Copy the data exactly; pictures stay out of the copy.

§ **DATA SHOWN**:
++++++++

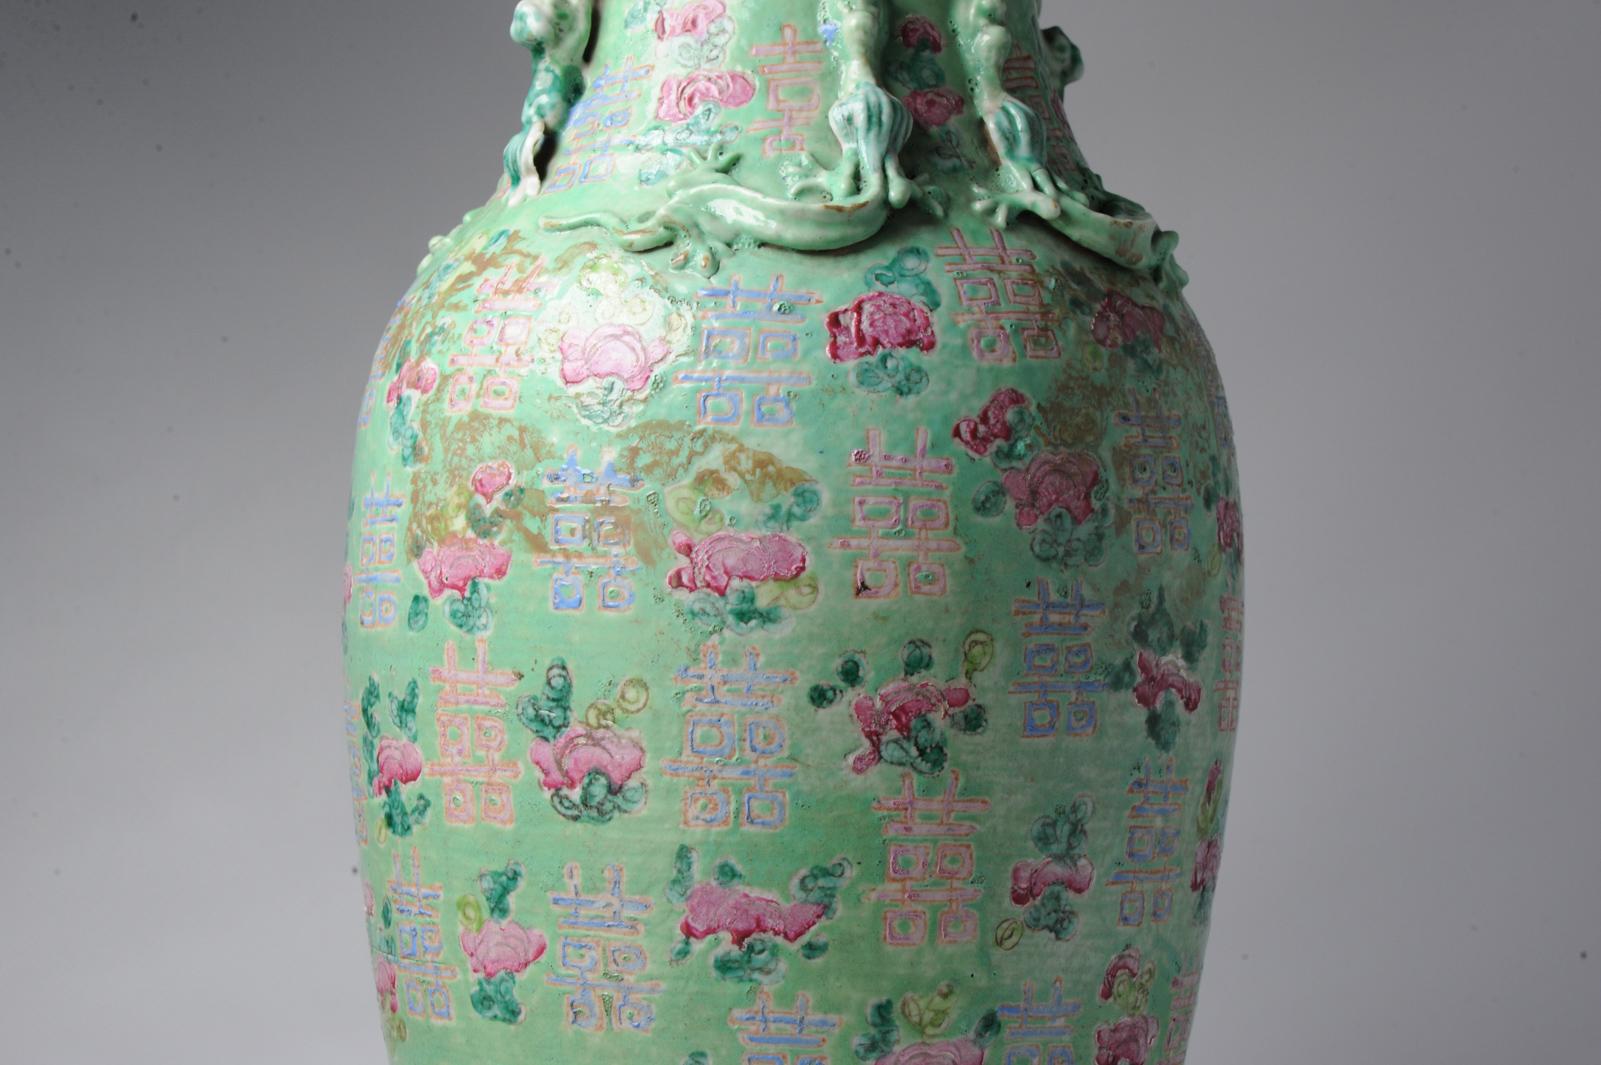 Antique Lamp Vase Chinese Porcelain Qing Period Cantonese with Ideograms For Sale 9
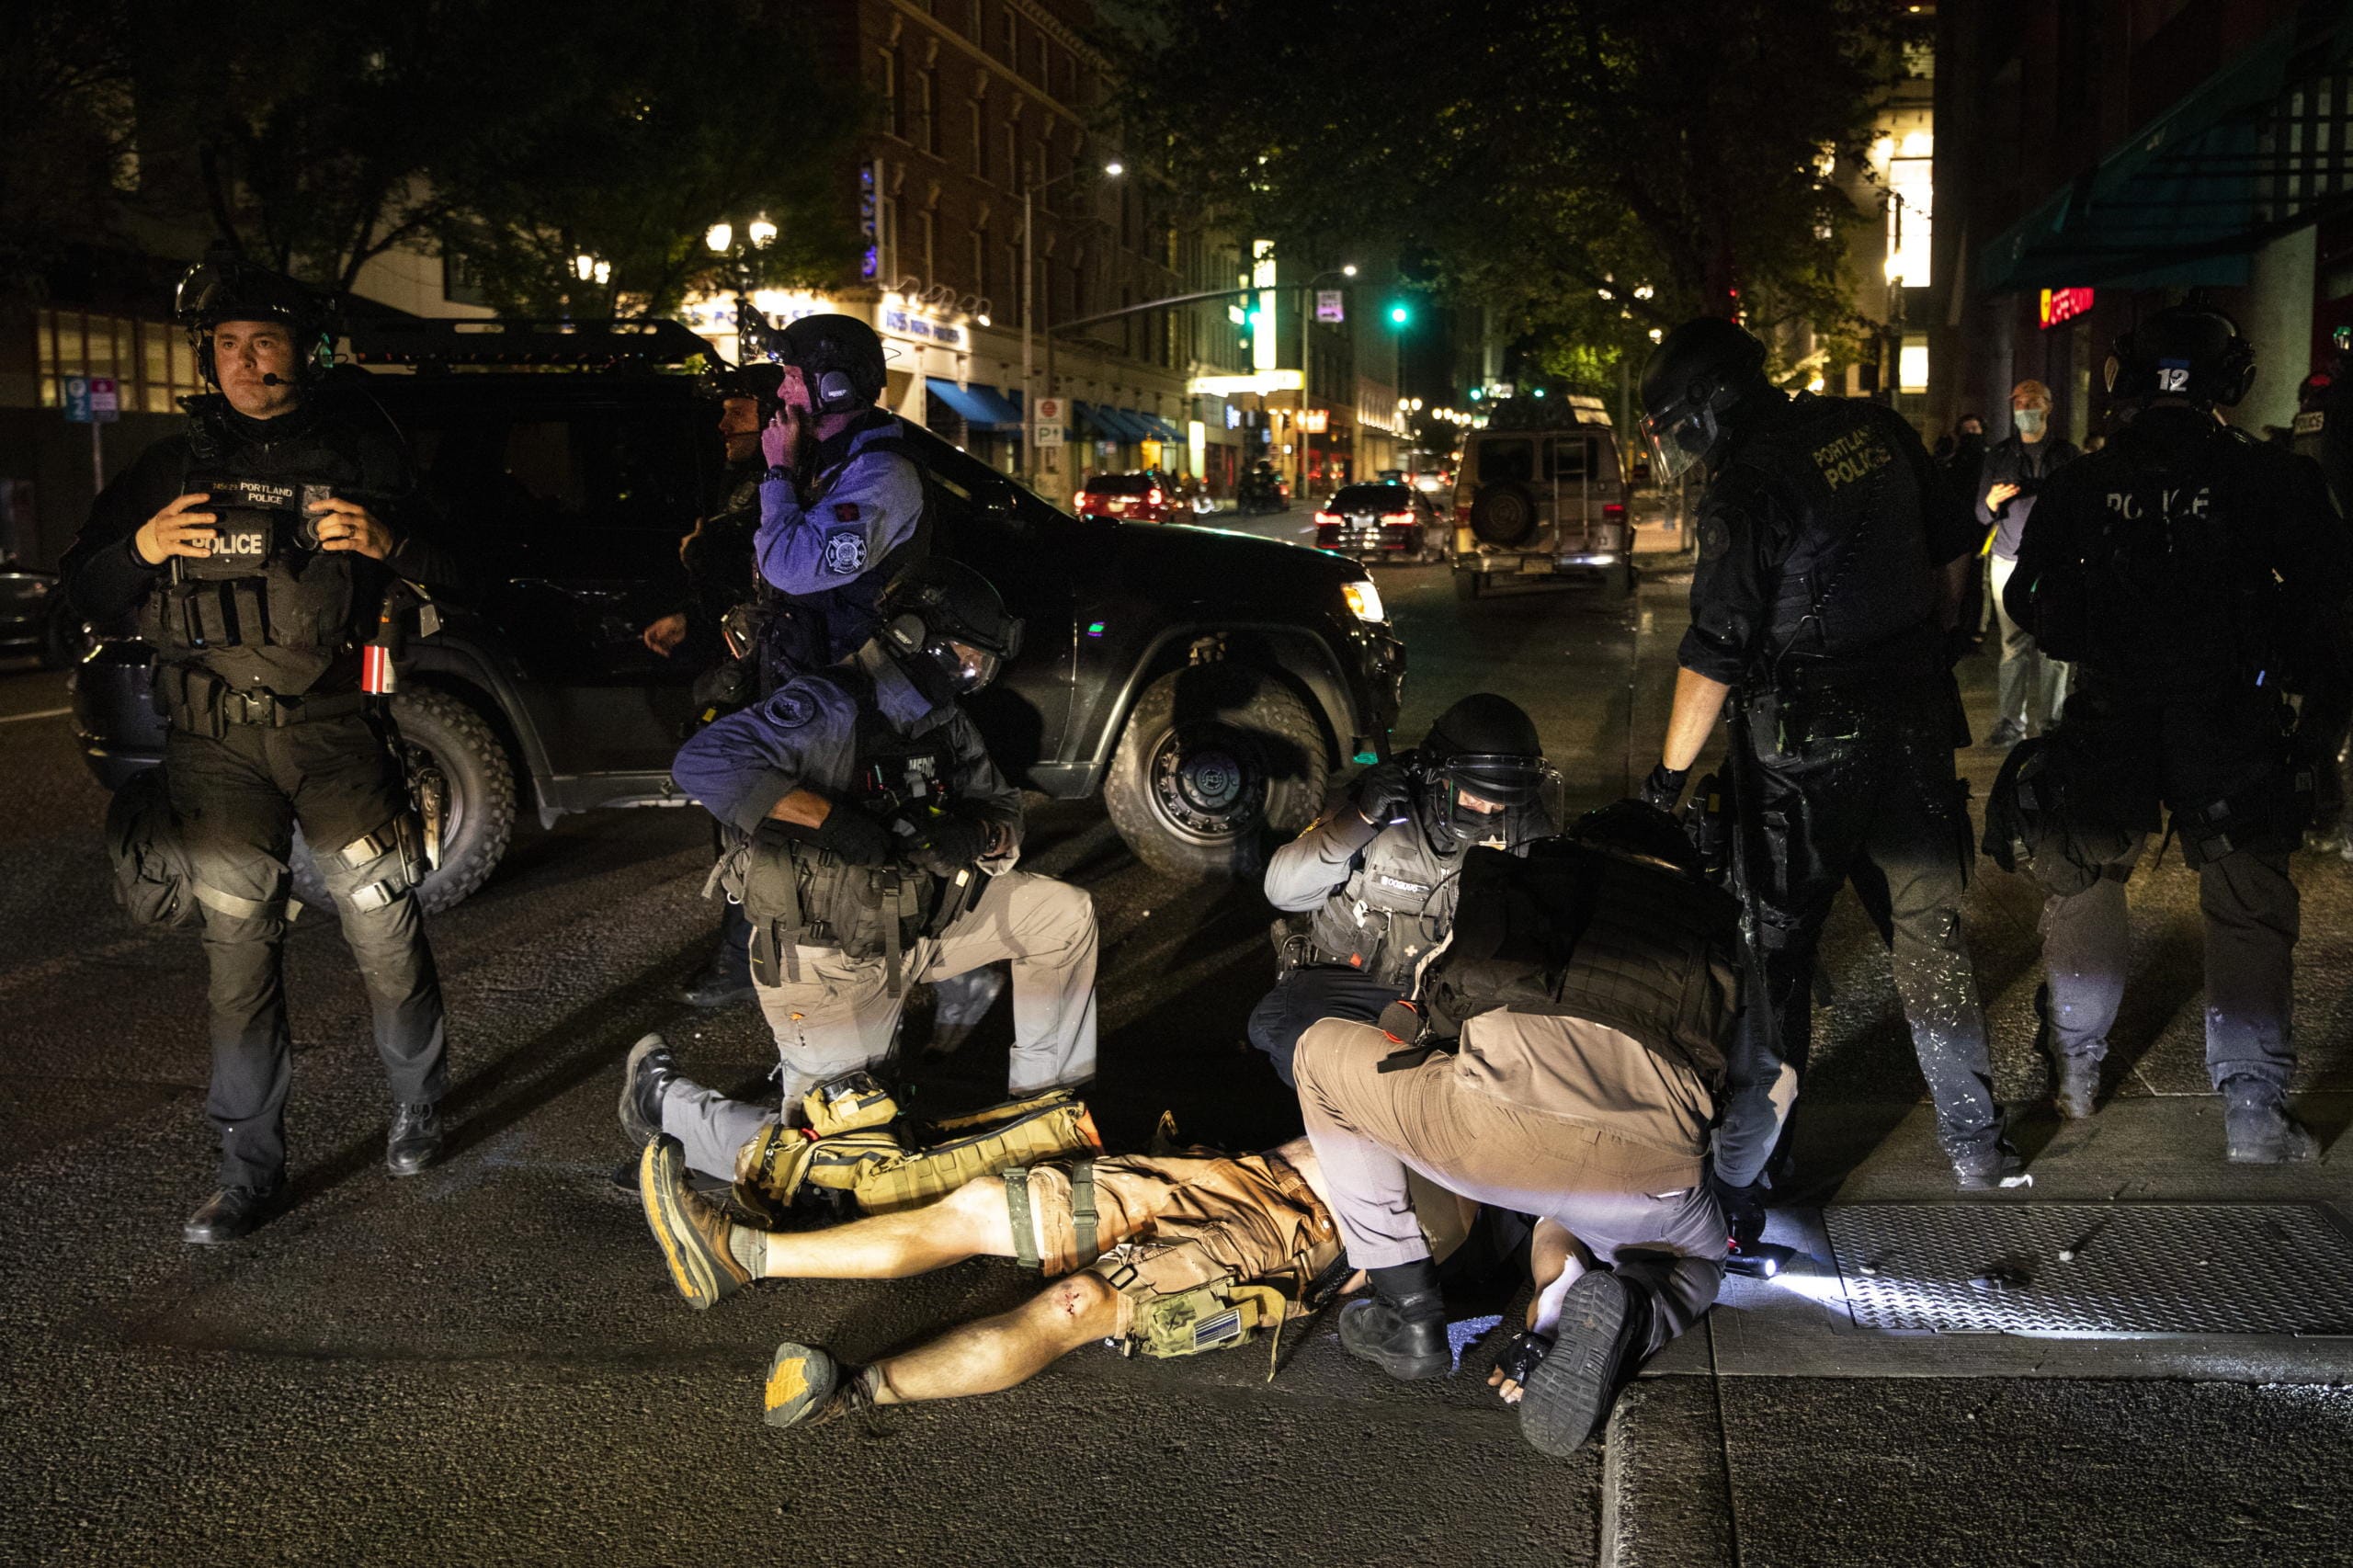 A man is being treated after being shot Saturday, Aug. 29, 2020, in Portland, Ore. Fights broke out in downtown Portland Saturday night as a large caravan of supporters of President Donald Trump drove through the city, clashing with counter-protesters.
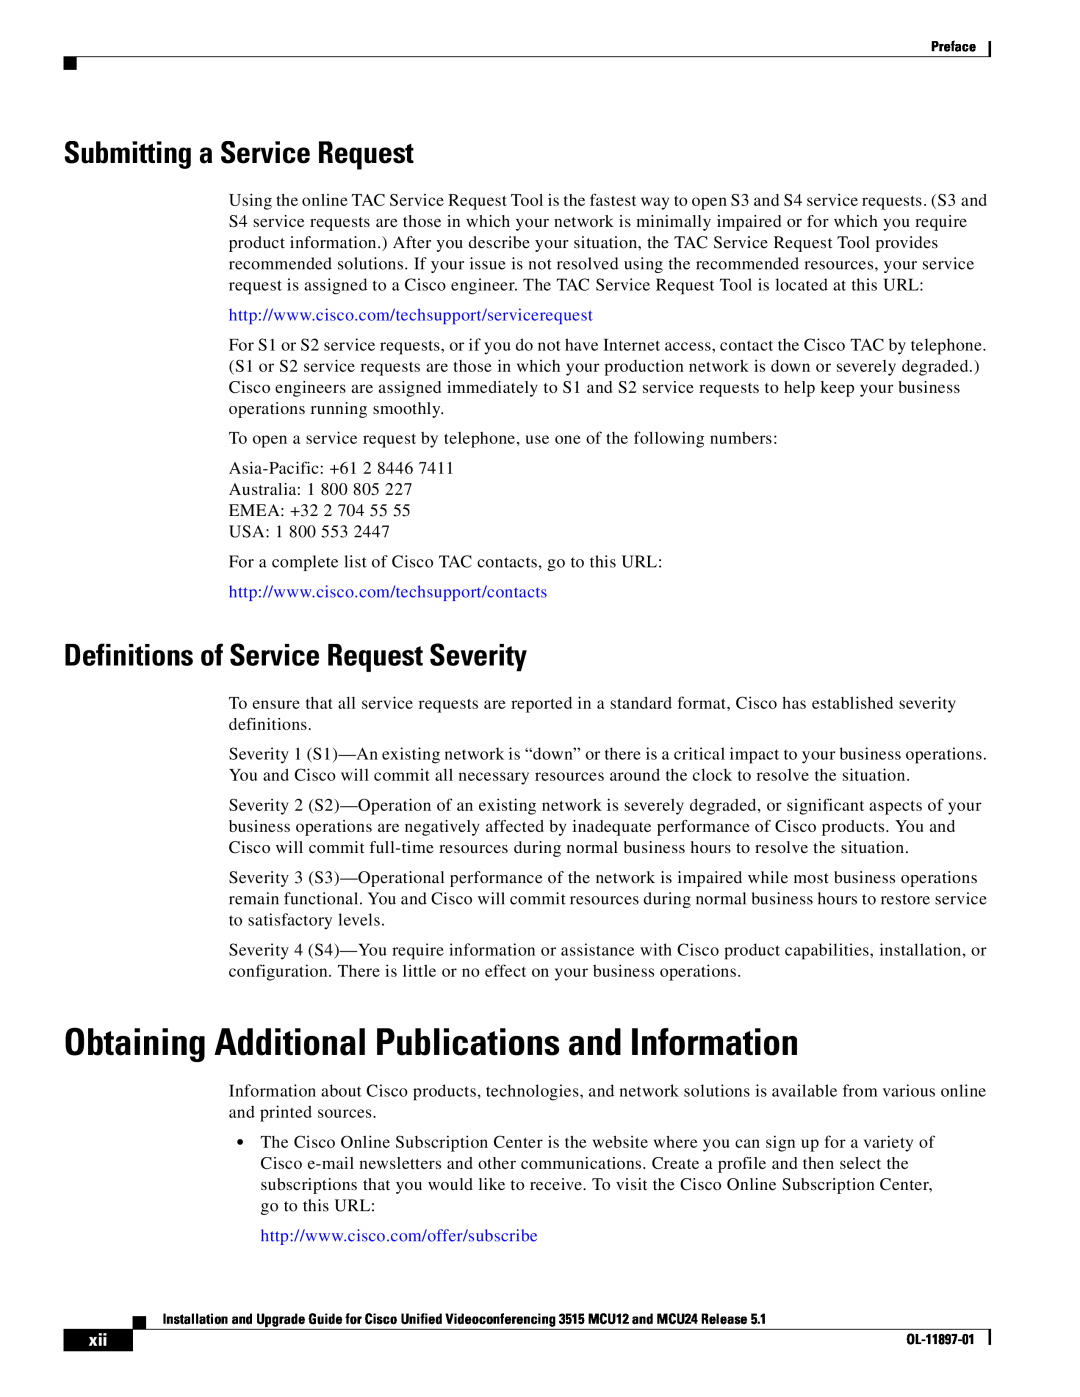 Cisco Systems MCU24 manual Obtaining Additional Publications and Information, Submitting a Service Request

++++++++

§ **EXPECTED OUTPUT**:
 Antique Lamp Vase Chinese Porcelain Qing Period Cantonese with Ideograms For Sale 9
 A man is being treated after being shot Saturday, Aug. 29, 2020, in Portland, Ore. Fights broke out in downtown Portland Saturday night as a large caravan of supporters of President Donald Trump drove through the city, clashing with counter-protesters.
 Cisco Systems MCU24 manual Obtaining Additional Publications and Information, Submitting a Service Request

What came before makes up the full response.